Please note that you can maximally remove n-1 components, where n is the number of samples in the analysis! Furthermore, removing the maximum number of components will remove virtually all signal. For small datasets, we urge close examination of the scree plot, and trying multiple differen --svd values.
How many exomes does CoNIFER analysis require?
We reccommend a minimum of eight exomes, but more exomes will nearly always improve the quality of the results.
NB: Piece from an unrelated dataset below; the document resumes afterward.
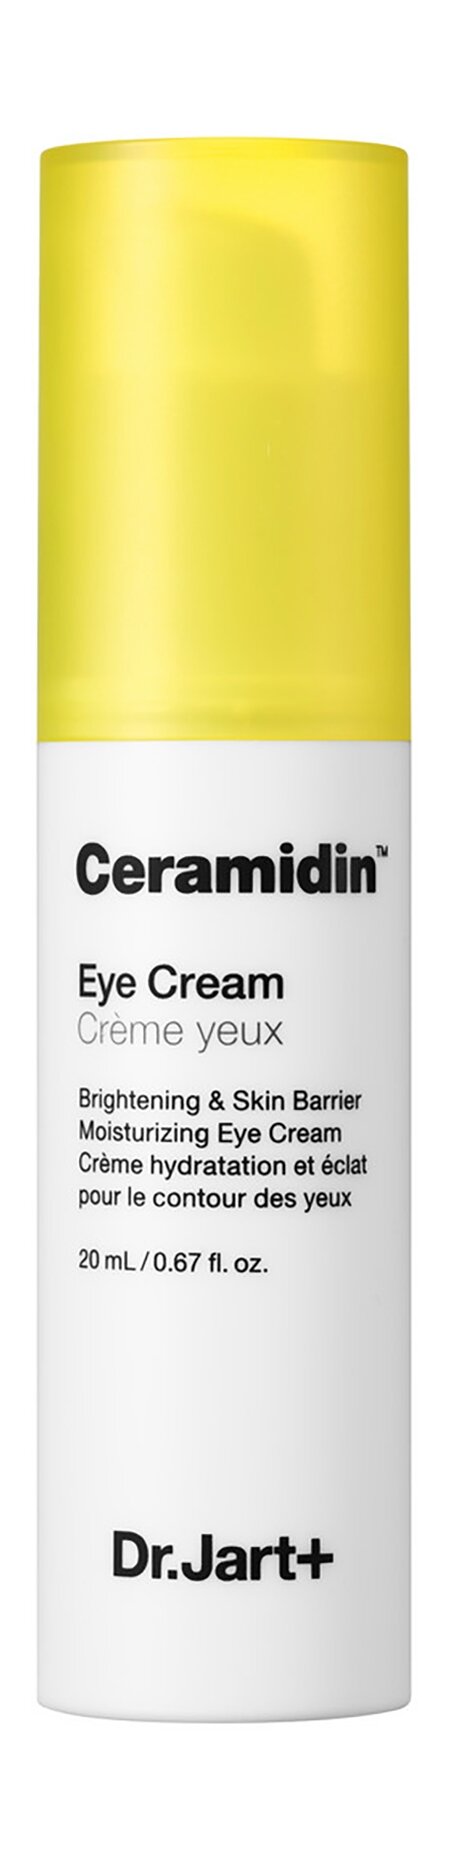 Увлажняющий осветляющий крем для области вокруг глаз Dr.Jart Ceramidin Eye Cream /20 мл/гр.

Depending on the amount of systematic noise and bias,
including 20 exomes can significantly improve the results of the analysis.
Is it possible to "mix" exomes from different sequences and different capture platforms?
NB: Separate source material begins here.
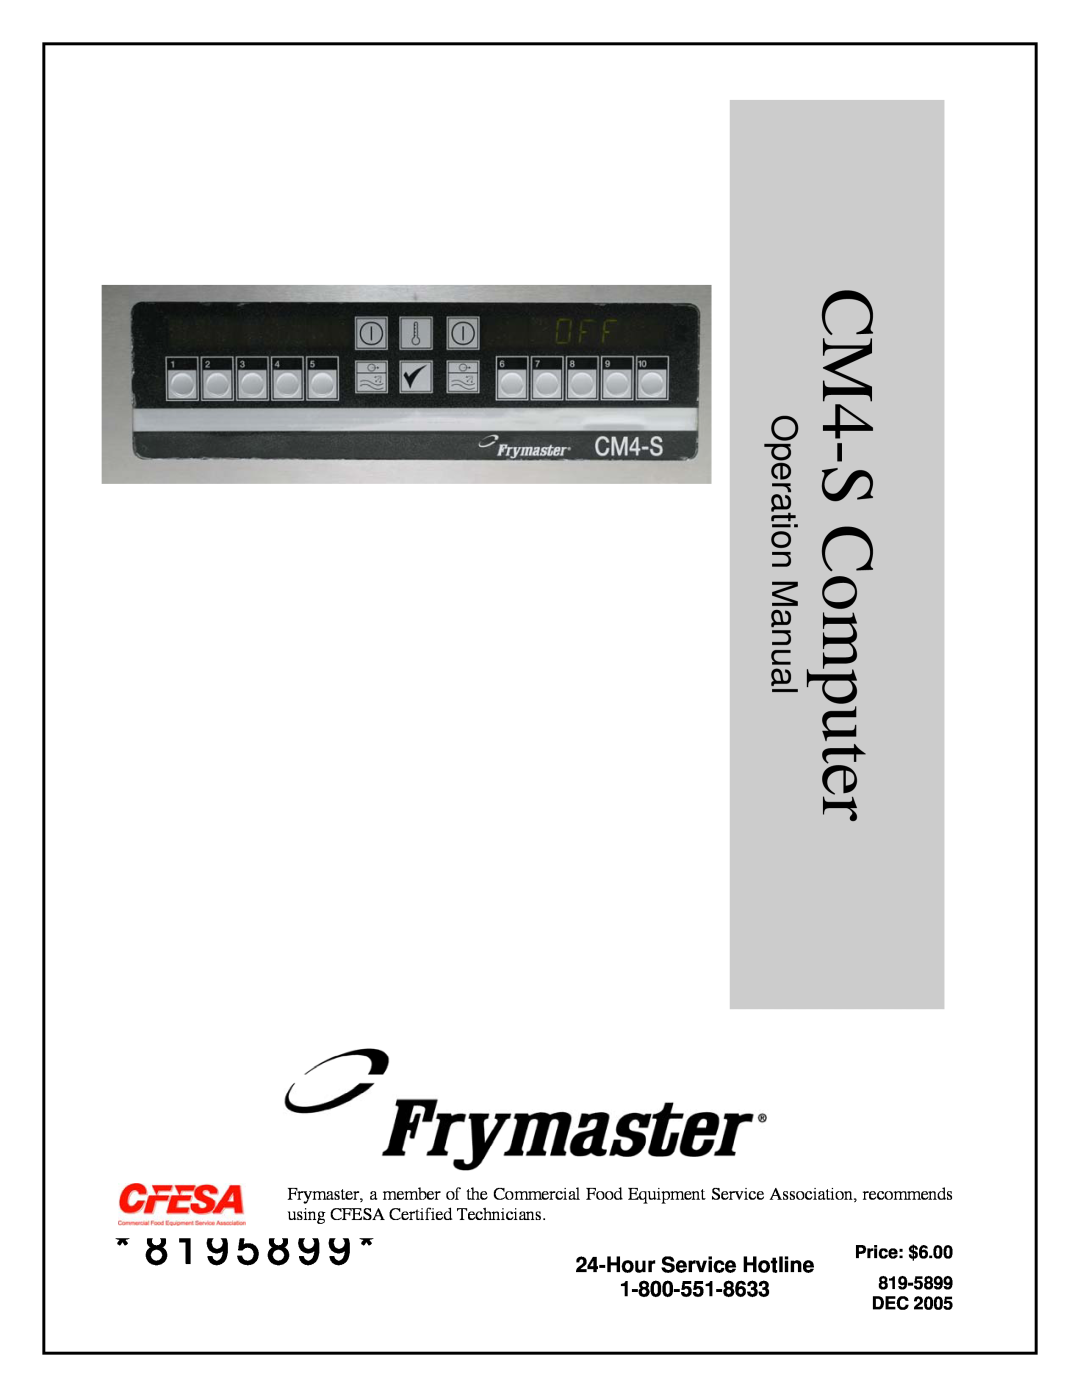 Frymaster cm45 s operation manual Hour Service Hotline, 8195899, 819-5899, Price $6.00

Yes! CoNIFER can robustly discover latent patterns of systematic noise present between different sequencing and capture reactions. However, care should be taken that at least 8 exomes frome each "batch" are included, such that this systematic noise becomes statistically apparent.
How was the probes.txt file created?
We began by downloading the Nimblegen SeqCap EZ Exome v2.0 target file, and intersected this with the Refseq exon list from the UCSC Genome Browser. For targets overlapping exons, we used the exon boundary, unless this boundary was <10bp, in which case we expanded the probes to include at minimum 10bp of sequence. For non-exonic targets, no modifications were made.
I ran CoNIFER and all I got was a couple of lousy calls!
Although this could be due to a number of reasons, a few things to check include:
- Ensure you are selecting the right number of SVD components to remove. Examine the scree plot (--scree_plot) and select the number of components based on the inflection point in the graph. See the FAQ Item "How do I select the number of components to remove?"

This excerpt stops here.